Modeling what we teach

Music faculty look forward to annual concert as a way to connect with students and fellow professors

By Kelly Helton, Contributor

The polished brass of his beloved trombone gleams in the soft fluorescent light.

Taylor Professor of Music Al Harrison raises the instrument to his lips and puts his fingers through the familiar motions of an Arthur Pryor number.

Music fills his office like rain pounding on a tin roof.

Down the hall, adjunct professor Keisha Cook warms up her voice with scales and arpeggios.

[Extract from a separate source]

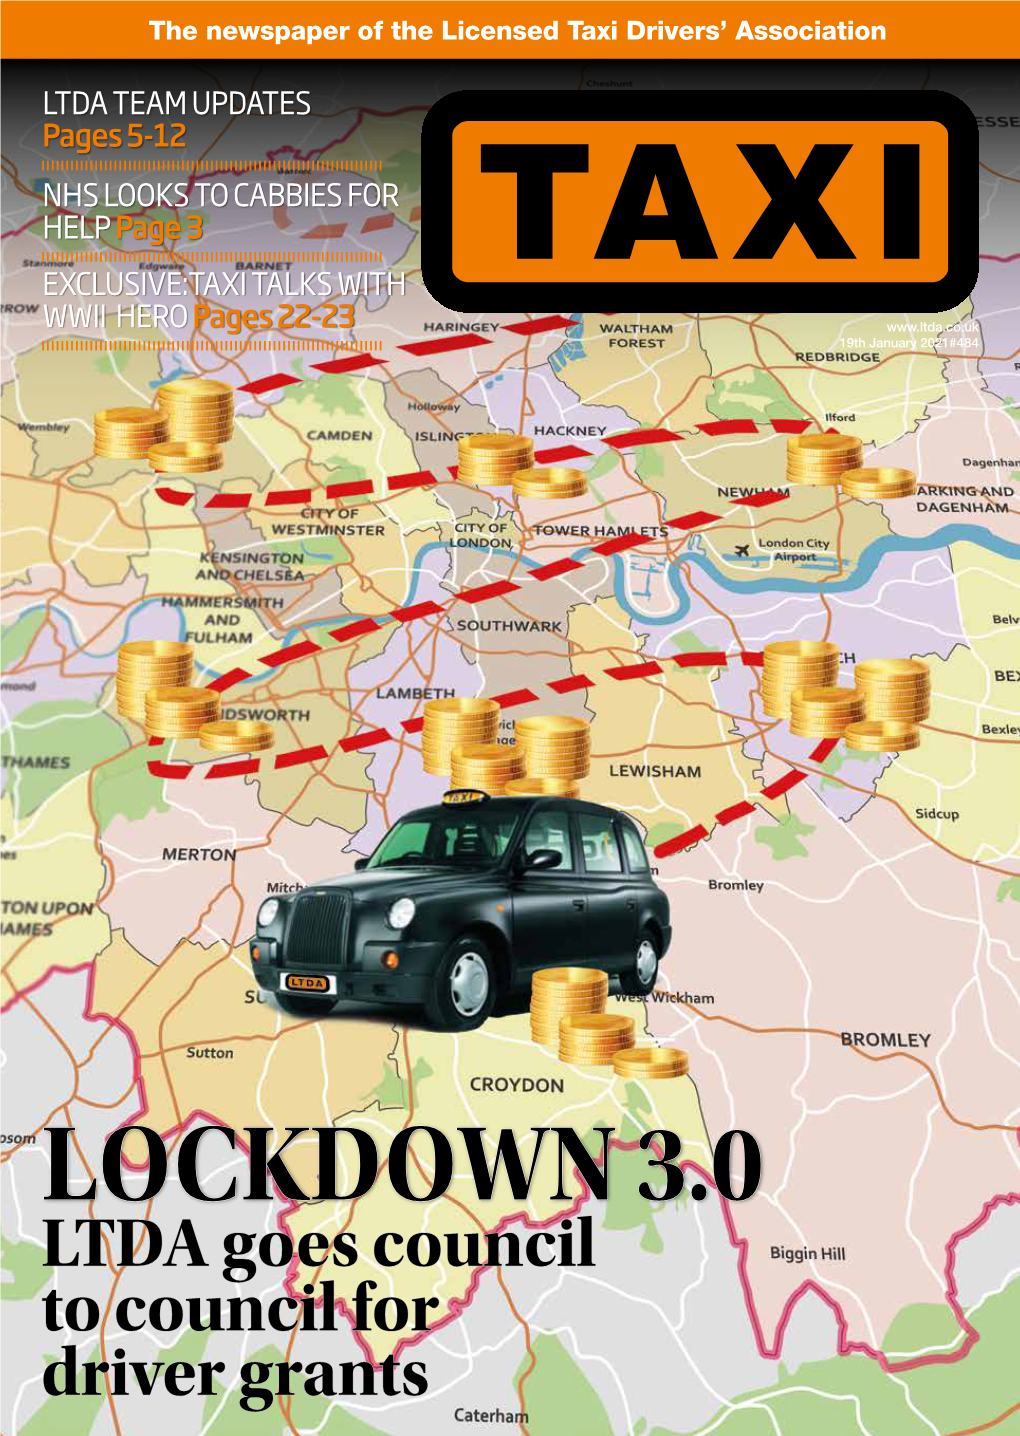 LTDA Goes Council to Council for Driver Grants 2

She carries on in the tradition of her grandmother and great-aunts, both vocalists before her, as she begins trilling the notes of a Donizetti aria.

Harrison and Cook are among seven music faculty members who will showcase their talents at the Annual White Linen Faculty Concert Sept. 30.

Other participants in the concert include adjunct professors Julie Lyn Barber, Mary Katherine Brewer, Darrel Fiene, Adele Maxfield and staff accompanist Luke Tyler.

The concert will feature music from Puccini, Handel, Sarasate and others on a variety of instruments and vocal ranges.

Harrison, who has been teaching at Taylor since 1978, said the White Linen Concert tradition began as an opportunity for faculty to perform for their students.

"We model what we teach in the studio," Harrison said.

He also called the concert an opportunity for full-time faculty "to interact with part-time adjunct faculty in faith and musicianship." The concert has now become an annual event for the entire campus community to enjoy.

Harrison's love of music started in fourth grade when he took lessons at school for the cornet, a three-valved wind instrument similar to a trumpet. In eighth grade, he started playing the baritone horn. He eventually became drum major for his high school marching band, and this experience led to his desire to teach music as a career.

Harrison pursued the trombone during his undergraduate years at Virginia Commonwealth University. He came to Taylor in 1978 as Director of Instrumental Ensembles after earning his master's degree at the University of Illinois.

For Harrison, teaching music is a way he serves Christ with his skills and abilities.

Professor Cook, however, found her inspiration in musical theater.

"I wanted to be an English teacher until I heard The Phantom of the Opera in eighth grade," Cook said. "That experience changed everything. I realized I could teach and become a professional musician."

Cook has many fond memories of attending gospel band rehearsal with her grandmother and great-aunts and listening to her father play the trumpet. She sang with her grandmother and sister and played anything musical she could get her hands on, she said.

Cook said she chose teaching because she has a passion for helping others and for learning from her colleagues and students. She joined the Taylor staff this year, having completed undergraduate and masters degrees in music.

She is currently pursuing her doctorate at Ball State, and she hopes the White Linen Concert will be an opportunity for students and faculty to interact beyond conversation.